Why is April 1, 2013 Important?
April 1, 2013 is the first day on which U.S. Citizenship and Immigration Services ("USCIS") may receive H-1B specialty worker petitions for the next fiscal year that begins on October 1, 2013. To qualify for the H-1B category, the position offered must be a specialty in which a bachelor's degree or its equivalent is normally the minimum requirement and the foreign national must hold a bachelor's level degree or its equivalent in the specialty defined by the position (this threshold can be met in some cases though a combination of education and work experience).
Due to the overwhelming demand for the annual allotment of 85,000 H-1B visa slots, employers who wish to file new H-1B petitions for current or future employees should plan to do so on April 1st. The number of H-1B approvals requested by employers has reached the annual H-1B “cap” every year for over 10 years.

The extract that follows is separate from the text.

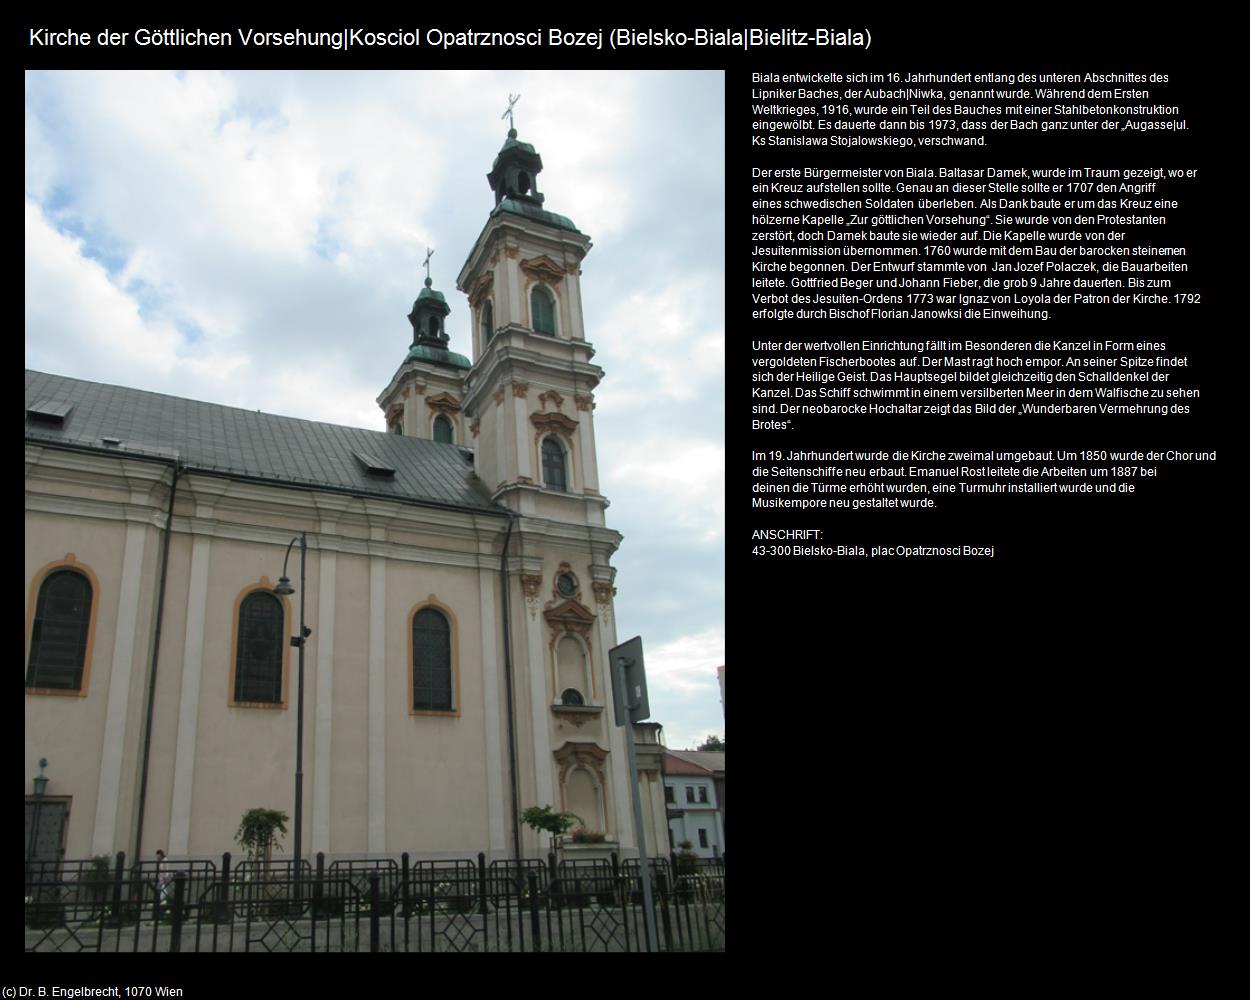 Kirche der Göttlichen Vorsehung (Bielsko-Biala|Bielitz-Biala) in POLEN-Schlesien

Are There Certain Employees In Particular Whom We Should Consider?
Yes, three situations immediately come to mind:
- students who hold F-1 visa status and who are working for your organization under a grant of Optional Practical Training work permission
- L-1 Intracompany Transferees who work for your organization
- candidates who are not yet working for your organization but whom you have an interest in employing in the future (starting between October 2013 and October 2014)
F-1 Students and L-1 Transferees have limited-duration work permission. If you wish to continue employing these individuals beyond their current authorization, the H-1B category may be an option.
Why F-1 Students?
Some F-1 students may hold Optional Practical Training work permission that is limited to no more than one year. Other F-1 students may be eligible (in some cases) for an additional 17 months of Optional Practical Training work permission.
Why L-1 Intracompany Transferees?
The L-1 intracompany transferee visa category applies to foreign nationals who have been employed abroad in executive, managerial or specialized knowledge capacities for at least one year with a commonly-owned foreign company, and who are in the United States to continue rendering services to the same or a related U.S. employer.
L-1 executives or managers (L-1A) may remain in the United States for a maximum of seven years. Specialized knowledge (L-1B) employees may remain for a maximum of five years.
Are There any Exemptions from the Annual H-1B “Cap”?
Persons already counted under the H-1B cap and who need an extension of stay are not subject to the annual limitation. Similarly, persons who already hold H-1B status and are transferring to a different employer are exempt from the cap. The limitation applies only to persons not yet counted against the annual cap. Also, certain types of educational or nonprofit organizations that file H-1B petitions on behalf of beneficiaries are exempt from the H-1B numerical limitation.